JAKARTA – DPRD Kabupaten Kampar mendesak pemerintah pusat segera memberikan kepastian hukum terkait status dan penganggaran guru non-ASN agar tidak menimbulkan kebingungan bagi pemerintah daerah dalam menyusun APBD tahun 2026. Hal itu disampaikan saat Komisi II DPRD Kampar melakukan kunjungan kerja ke Kementerian Pendidikan Dasar dan Menengah (Kemendikdasmen), Selasa (12/5/2026).
Rombongan dipimpin Ketua DPRD Kampar Ahmad Taridi bersama Wakil Ketua DPRD Zulfan Azmi, Ketua Komisi II Tony Hidayat, Wakil Ketua Komisi II Rinaldo Saputra, serta perwakilan Dinas Pendidikan, Kepemudaan dan Olahraga (Disdikpora) Kampar.
Dalam pertemuan tersebut, DPRD Kampar menindaklanjuti Surat Edaran Mendikdasmen Nomor 7 Tahun 2026 tentang Penugasan Guru Non-ASN. DPRD menilai masih terdapat ketidaksinkronan antara kebijakan Kemendikdasmen dengan regulasi Kementerian PAN-RB terkait larangan pengangkatan dan penganggaran tenaga honorer tahun 2026.
Wakil Ketua Komisi II DPRD Kampar Rinaldo Saputra mengatakan kondisi tersebut membuat pemerintah daerah berada dalam posisi dilematis, terutama dalam mengalokasikan anggaran gaji guru non-ASN di APBD.
“SE Mendikdasmen memberi ruang bagi guru non-ASN untuk tetap bertugas hingga akhir 2026. Namun di sisi lain, aturan Kemenpan RB serta kebijakan efisiensi anggaran membuat daerah khawatir dalam mengalokasikan anggaran karena takut menimbulkan persoalan hukum maupun temuan audit,” kata Rinaldo, Rabu (13/5/2026).
Menurutnya, pemerintah daerah membutuhkan payung hukum yang jelas agar tidak ragu dalam mengambil kebijakan terkait tenaga pendidik non-ASN. Karena itu, DPRD Kampar meminta Kemendikdasmen segera berkoordinasi dengan Kementerian Dalam Negeri dan Kemenpan RB untuk menyelaraskan regulasi yang ada.
Selain itu, Komisi II DPRD Kampar juga mendorong diterbitkannya Surat Edaran Bersama (SEB) antar kementerian sebagai pedoman resmi bagi pemerintah daerah dan Tim Anggaran Pemerintah Daerah (TAPD) dalam menyusun APBD 2026.

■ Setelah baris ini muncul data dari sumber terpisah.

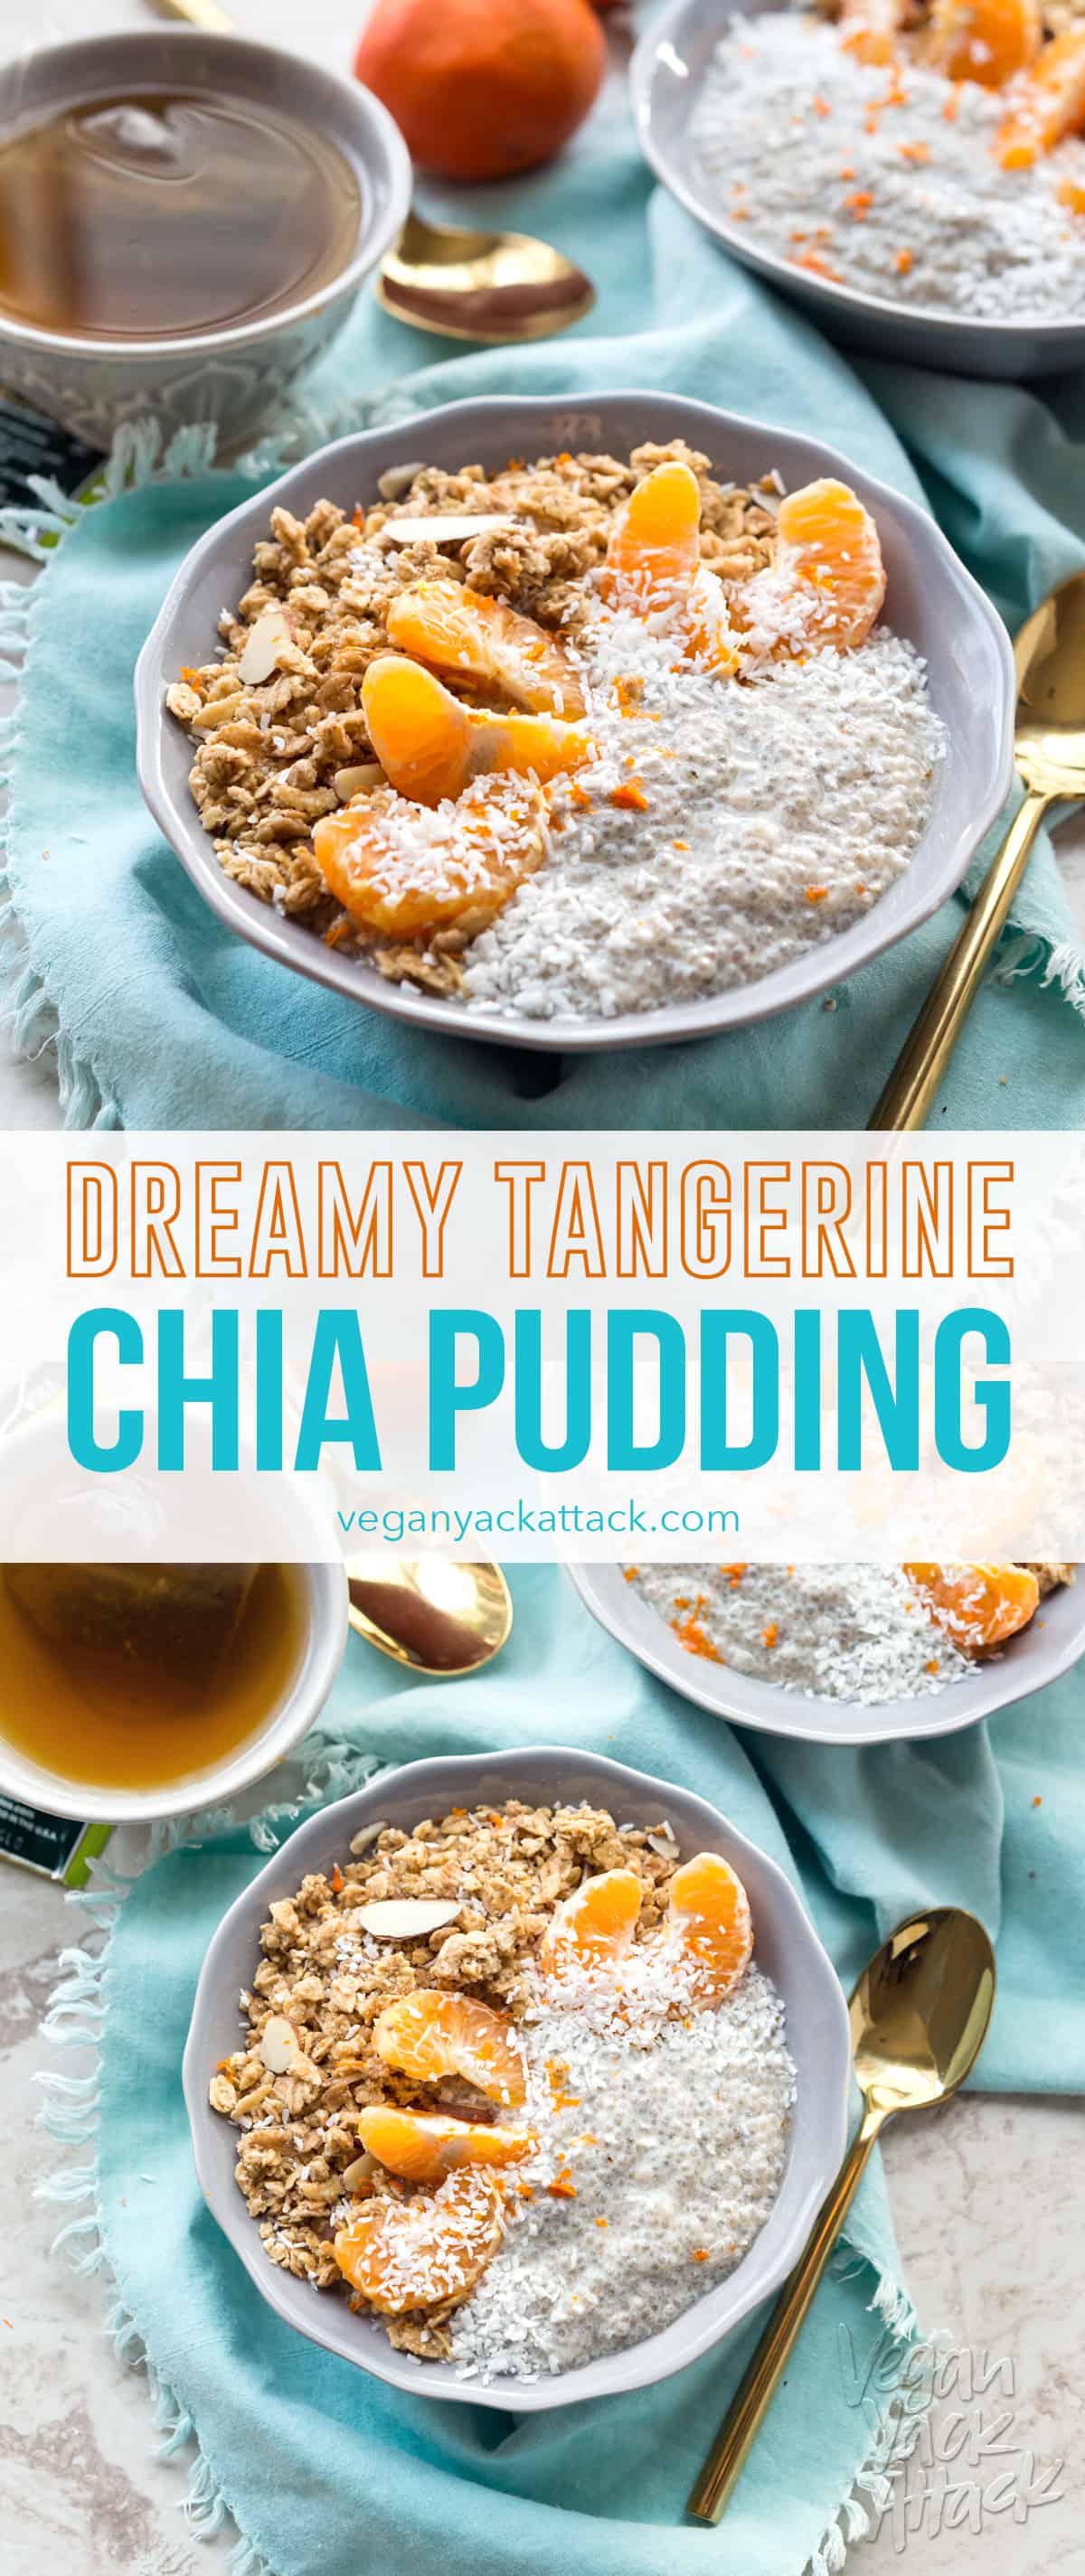 dreamy tangerine chia pudding with granola in a lilac-colored bowl with teal linen

“Kami ingin ada kepastian dan solusi yang tidak merugikan guru. Jangan sampai mereka tetap mengabdi, tetapi hak-haknya tidak bisa dianggarkan karena terbentur aturan,” ujarnya.
Rinaldo menegaskan keberadaan guru non-ASN masih sangat dibutuhkan, khususnya di Kabupaten Kampar, demi menjaga keberlangsungan proses belajar mengajar di sekolah.
“Guru non-ASN masih menjadi penopang pelayanan pendidikan di daerah. Kalau mereka tidak ada, banyak sekolah akan kekurangan tenaga pengajar. DPRD Kampar akan terus mengawal agar hak-hak mereka tetap terpenuhi sesuai aturan yang berlaku,” tegasnya.
DPRD Kampar berharap pemerintah pusat segera mengambil langkah konkret agar daerah memiliki dasar hukum yang jelas dalam penganggaran dan penataan tenaga guru non-ASN di tahun 2026.